Throttling included in a stricter SLO

For a 99.95% SLO over 28 days, a six-hour sample contains 480,000 200, 6,000 204, 800 400, 180 429, and 20 500. With 429,500 as the budget pattern, Observed success rate is about 99.959%, just above target, and the sample still has about 43.5 bad requests of local allowance left. The projection uses about 82.1% of the period budget, so Burn Guardrails raises a policy watch even though the observed sample has not crossed 100%.

No parsed status rows

If Status counts contains pasted notes without any HTTP status tokens, the summary changes to Check input and the validation list asks for rows such as 200=10000 and 500=12. After replacing the notes with parseable rows, reopen Status Mix before trusting the ledger. The table should show request counts, share percentages, and the intended Budget role for each detected status.

FAQ:

Should 429 count against the error budget?

Only if the SLO says throttled requests are bad events for the user journey being measured. The default pattern includes 429, but you can remove it and use 5xx when rate limiting is excluded from the objective.

Why can the sample pass while the projection is in watch status?

The sample allowance checks the observed window only. The projection stretches the same traffic and error pace across the compliance period, so a sample can remain under its local allowance while still using 70% or more of the projected period budget.

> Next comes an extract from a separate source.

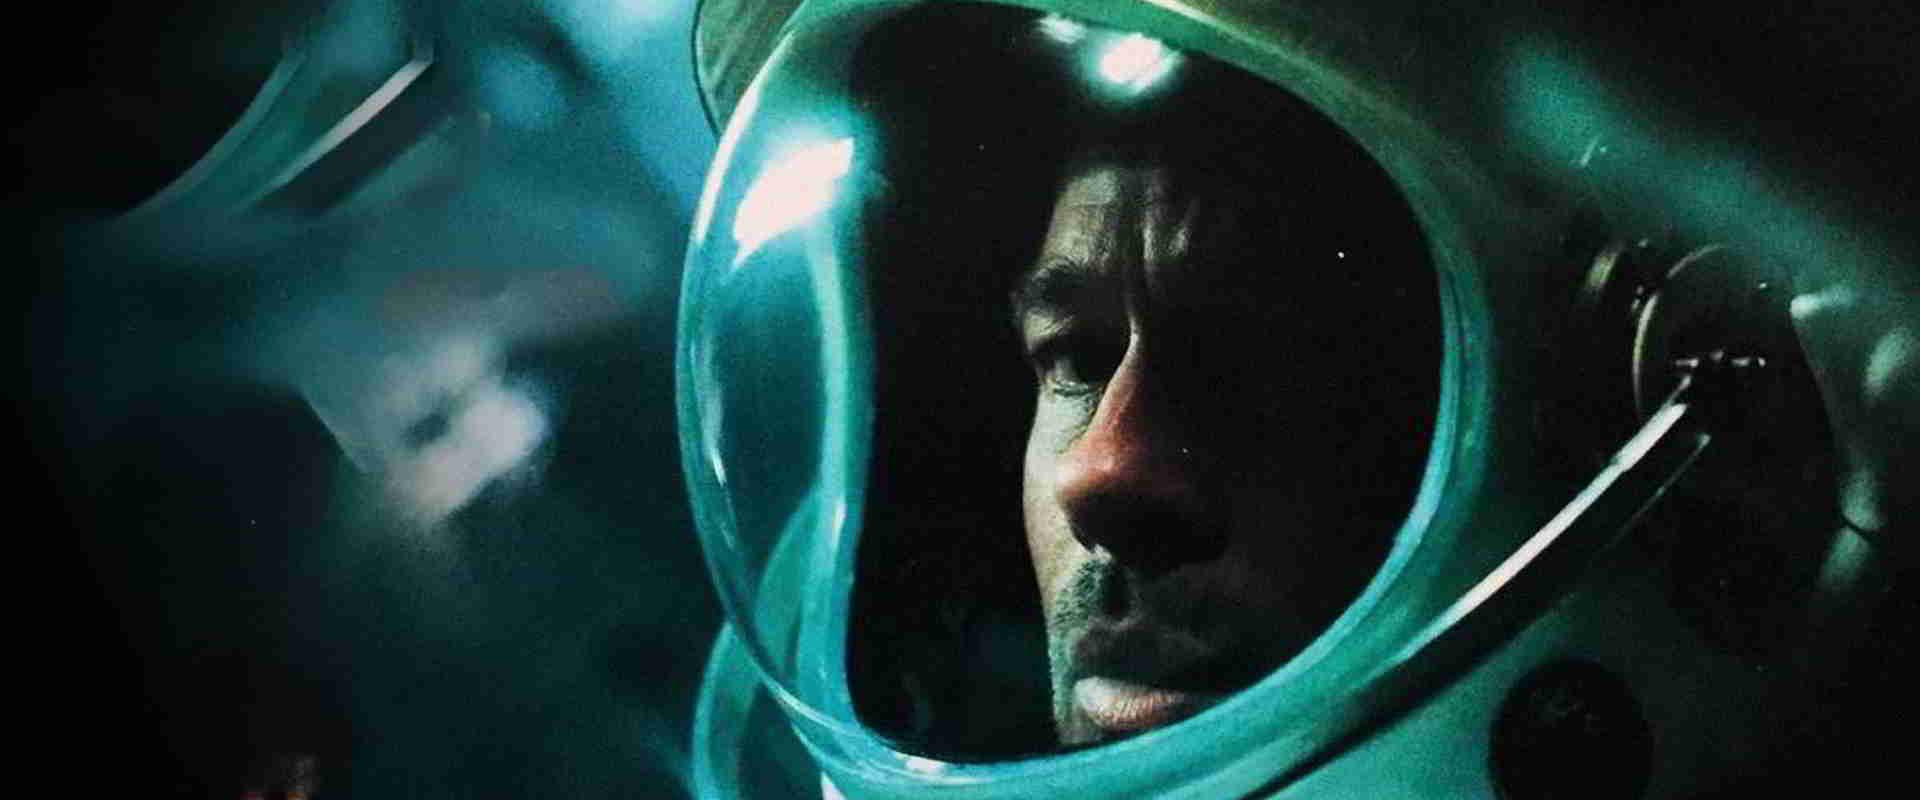 Ad Astra, il thriller fantascientifico con Brad Pitt

What does a burn rate above 1.00x mean?

It means the observed bad-event ratio is higher than the SLO allows over a full period. If that mix continued, Projected exhaustion would land before the compliance period ends.

Why does a low-traffic sample look noisy?

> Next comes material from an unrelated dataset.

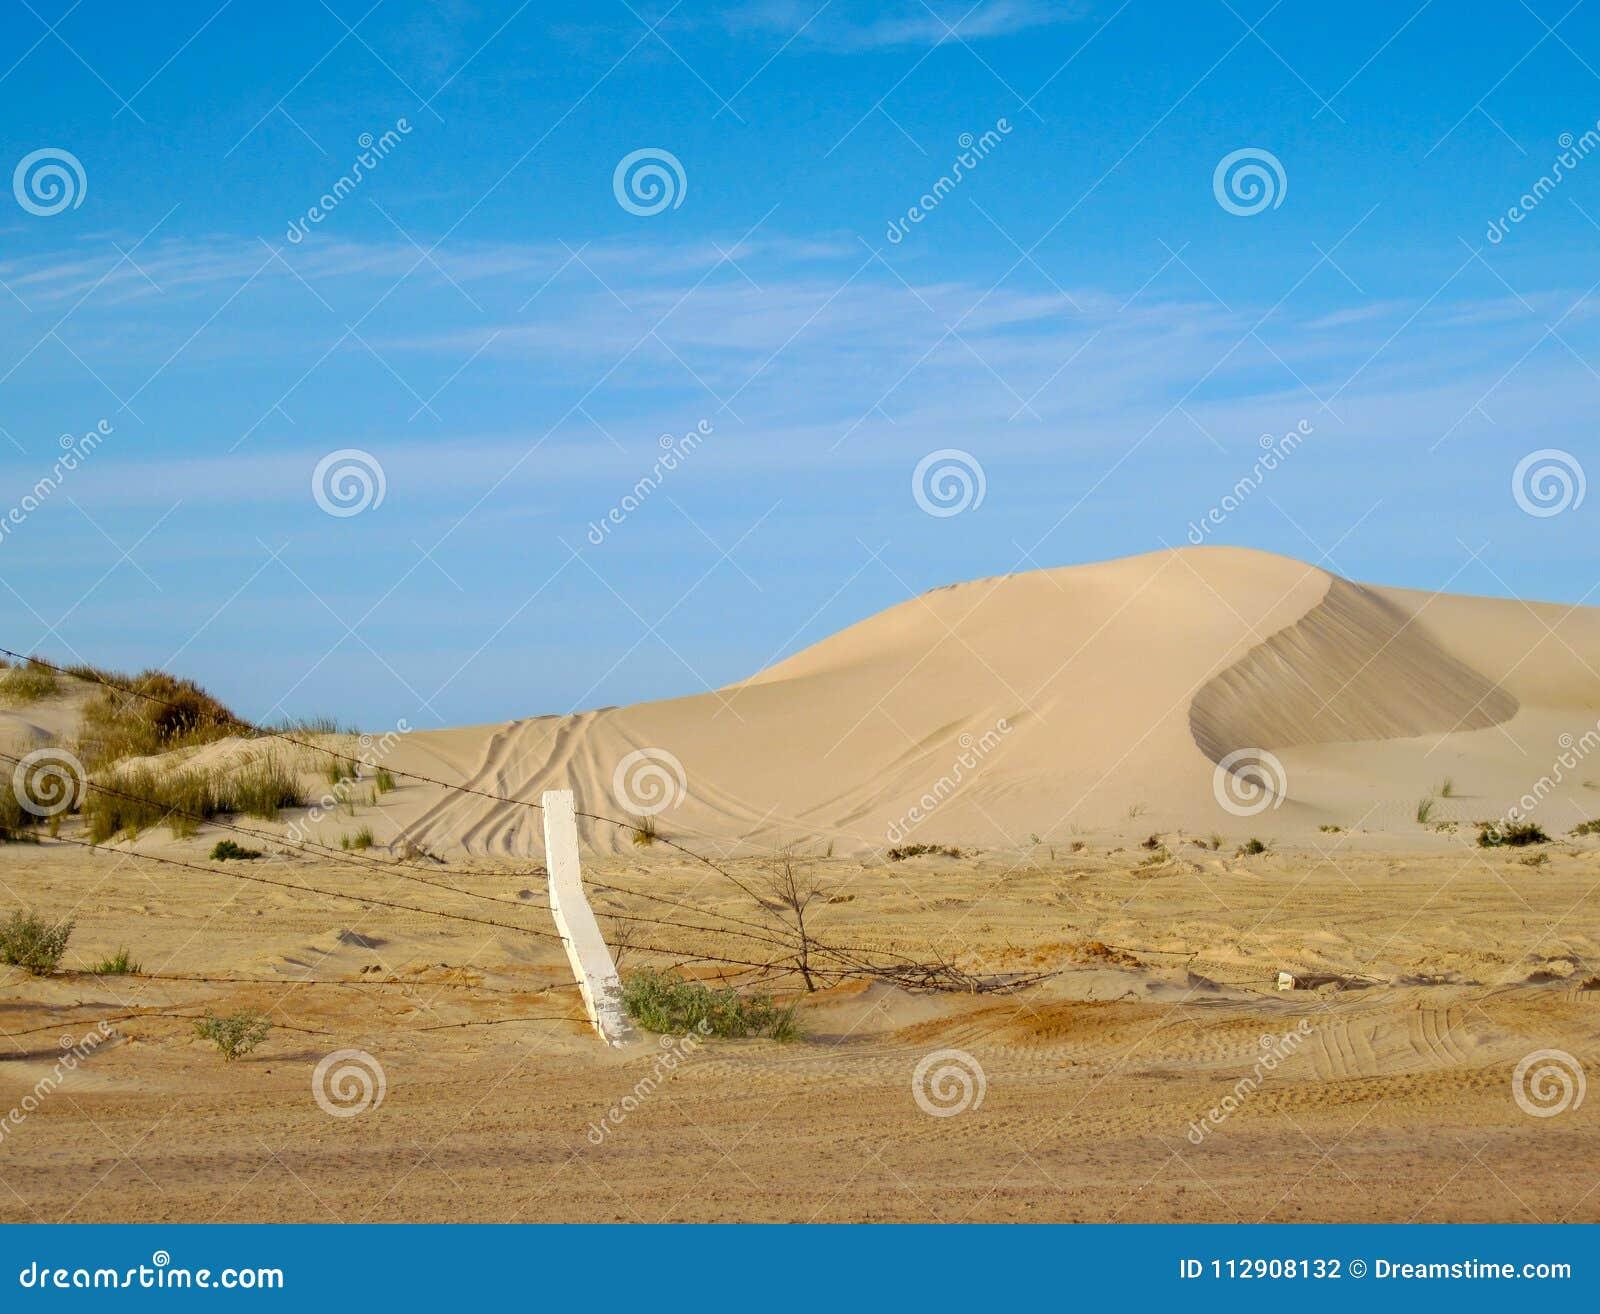 Dunas de arena costeras con las pistas del neumático y cerca del alambre de púas contra el cielo azul en Libia

The Sample confidence row compares the allowed bad events in the sample with 10. When the allowance is lower than 10, a few failures can swing burn rate sharply, so aggregate a longer window or a related SLO slice before making a high-risk decision.

Does the analyzer call the API being reviewed?

No. It parses the status counts or log-like lines you paste and calculates the result in the browser session. It does not make a live request to the named API or verify a monitoring-system SLO.

Why did I get a validation error after pasting logs?

The parser needs a recognizable HTTP status from 100 to 599. Use rows such as 200=10000, CSV-style pairs such as 500,12, or log lines that expose a status field. Then confirm the parsed statuses in Status Mix.

Glossary:

API error budget: The allowed number of budget-consuming API responses for a chosen SLO and compliance period.
Availability SLO: The target success percentage for eligible requests, such as 99.9% or 99.95%.
Eligible requests: The request count included in the SLO calculation after the user pastes status counts or log-like rows.
Budget-consuming requests: Requests whose HTTP statuses match the chosen class, range, or exact-code pattern.
Burn rate: The observed error ratio divided by the allowed error ratio for the SLO.
Compliance period: The reporting window, in days, used to project budget use and exhaustion timing.

References:

Concepts in service monitoring, Google Cloud Observability, updated 2026-04-29.
Alerting on your burn rate, Google Cloud Observability, updated 2026-04-29.
Prometheus Alerting: Turn SLOs into Alerts, Site Reliability Engineering Workbook, Google and O'Reilly Media, 2018.